Identifying Killer Customer Offers with Ecommerce Analytics

If you are selling products, services or content online, in all probability, you are operating in an extremely competitive environment. With a plethora of brands in every niche, every online store vying for customer attention across channels and a fickle customer base always on the lookout for the best promotions, it is essential to catch the customer’s eye at the right time with the most pertinent offer.

Offer design and delivery can be the single largest capability driving conversions for your ecommerce store if executed on the basis of intelligent analysis of store data.

Following are just a few of the ways, ecommerce analytics can help you design and deliver promotions that are just too hard to resist for your customers!

1. Clickstream Analytics

From the moment a customer lands on your ecommerce store page, it is possible to track each and every click in real-time. Specific actions such as search queries, product views, additions to wish lists, additions to carts, checkouts, payment failures, likes, shares and even bounces can be tracked.

This clickstream data is a gold mine for ecommerce analytics as it can help you understand the customer shopping journey and brand engagement levels across devices in tremendous depth. This data, in combination with dynamic offer design capabilities, can enable you to deliver targeted offers that can drive cross-sell and upsell opportunities as well as combat exit intent.

For example, consider a situation wherein a customer is about to abandon his cart mid-purchase by closing the shopping app or browser. By delivering an instant notification of a limited period discount, it is possible to retain the customer and entice him to complete the purchase.

Clickstream Analytics also allows you to identify the chief sources of customer traffic – among search, social, email, display, retargeting and others – which can then be leveraged for high converting offer placements.

2. Market Basket Analytics

By analyzing electronic order data, it is possible to determine products that the customer is likely to buy with another group of items. It is also possible to identify the Next Best Product (NBP) and Next Best Offer (NBO) recommendations and track the repeatability/ cyclical nature of a customer’s shopping behavior over time to deliver suitable offers.
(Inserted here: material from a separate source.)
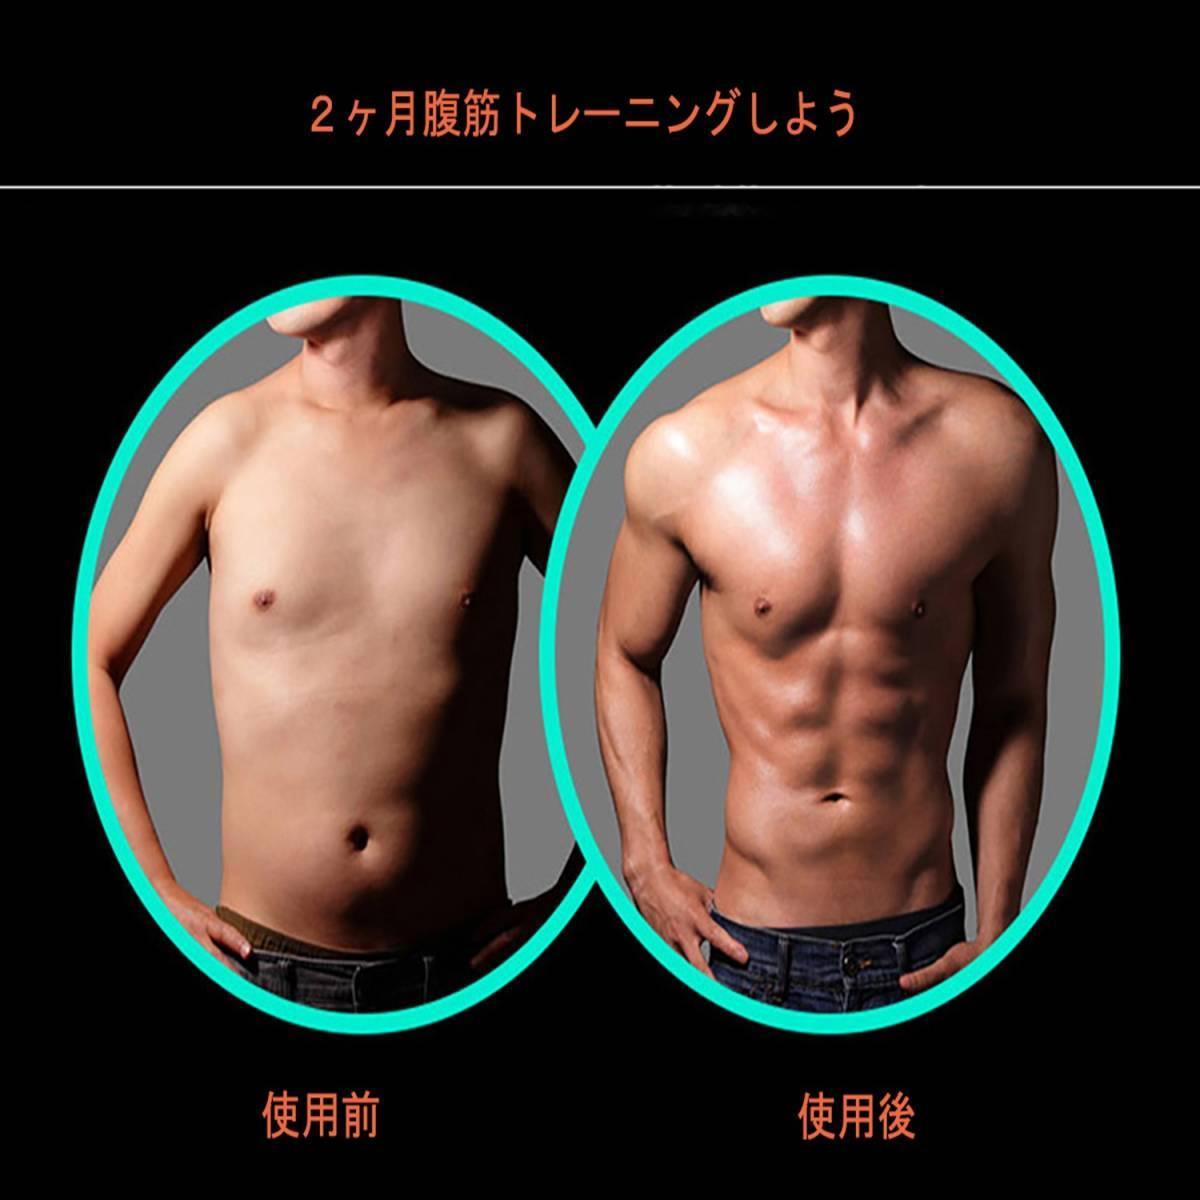 EMS 腹筋ベルト 腹筋マシーン 腹筋パッド 太もも 腕筋 筋トレ器具 ダイエット USB充電式 マッサージ エクササイズ 男女兼用 新品 _画像8

For example, suggesting the right accessories for a recently bought mobile phone or offering discounts on related app subscriptions can dramatically increase the probability of conversions. World ecommerce leaders such as Amazon and Netflix track and analyze the following data for generating NBP and NBO recommendations,

  • Purchasing history
  • Past ratings and review history
  • Items in customer wish lists/ watch lists
  • Purchasing patterns by similar customers

3. Location Analytics

With more and more customers shopping on mobile devices, customer location data is now easily available and can be leveraged to generate localized product recommendations and offers. It is possible to identify patterns correlating the location of customers with shopping preferences and deliver customized offers, especially if your ecommerce store operates in conjunction with offline stores.
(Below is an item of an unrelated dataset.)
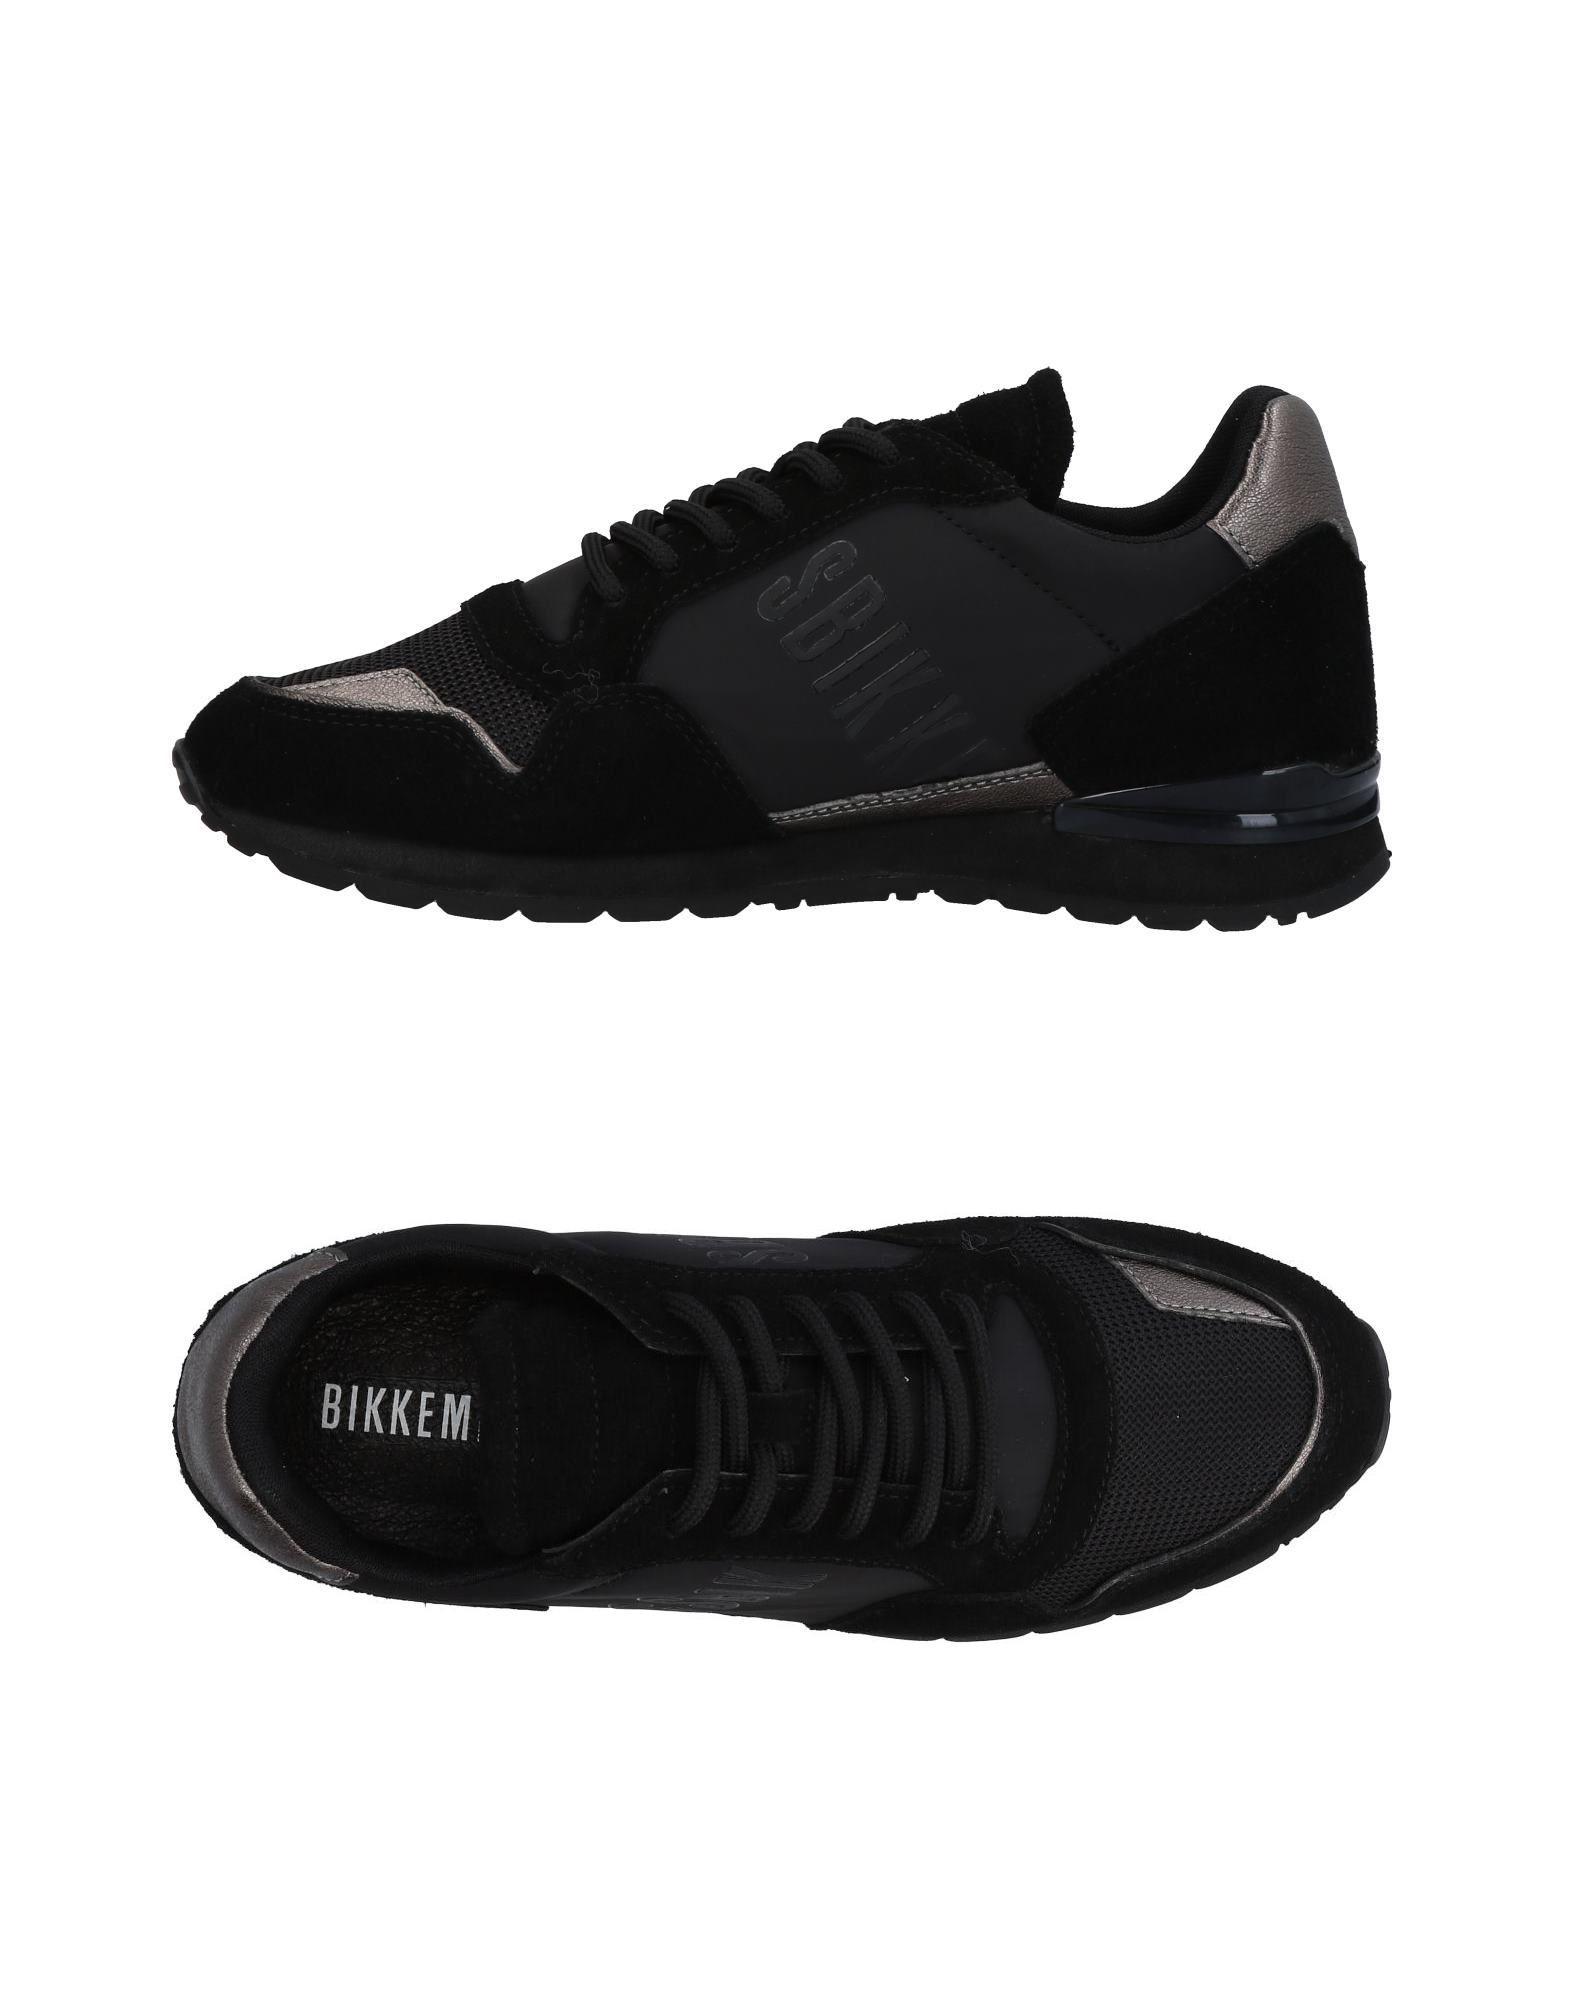 Moda Sneakers Bikkembergs Donna - 11450597BJ 11450597BJ - a8246f

It is also possible to design specific shipping related discount offers based on inventory and customer location data.

4. Customer Analytics

Integration of CRM data (Customer relationship management) into the overall ecommerce analytics strategy can help you segment your customer base and design targeted offers accordingly. A wide spectrum of customer data including demographics, payment preferences, shipping preferences and loyalty levels can be used for creative offer design.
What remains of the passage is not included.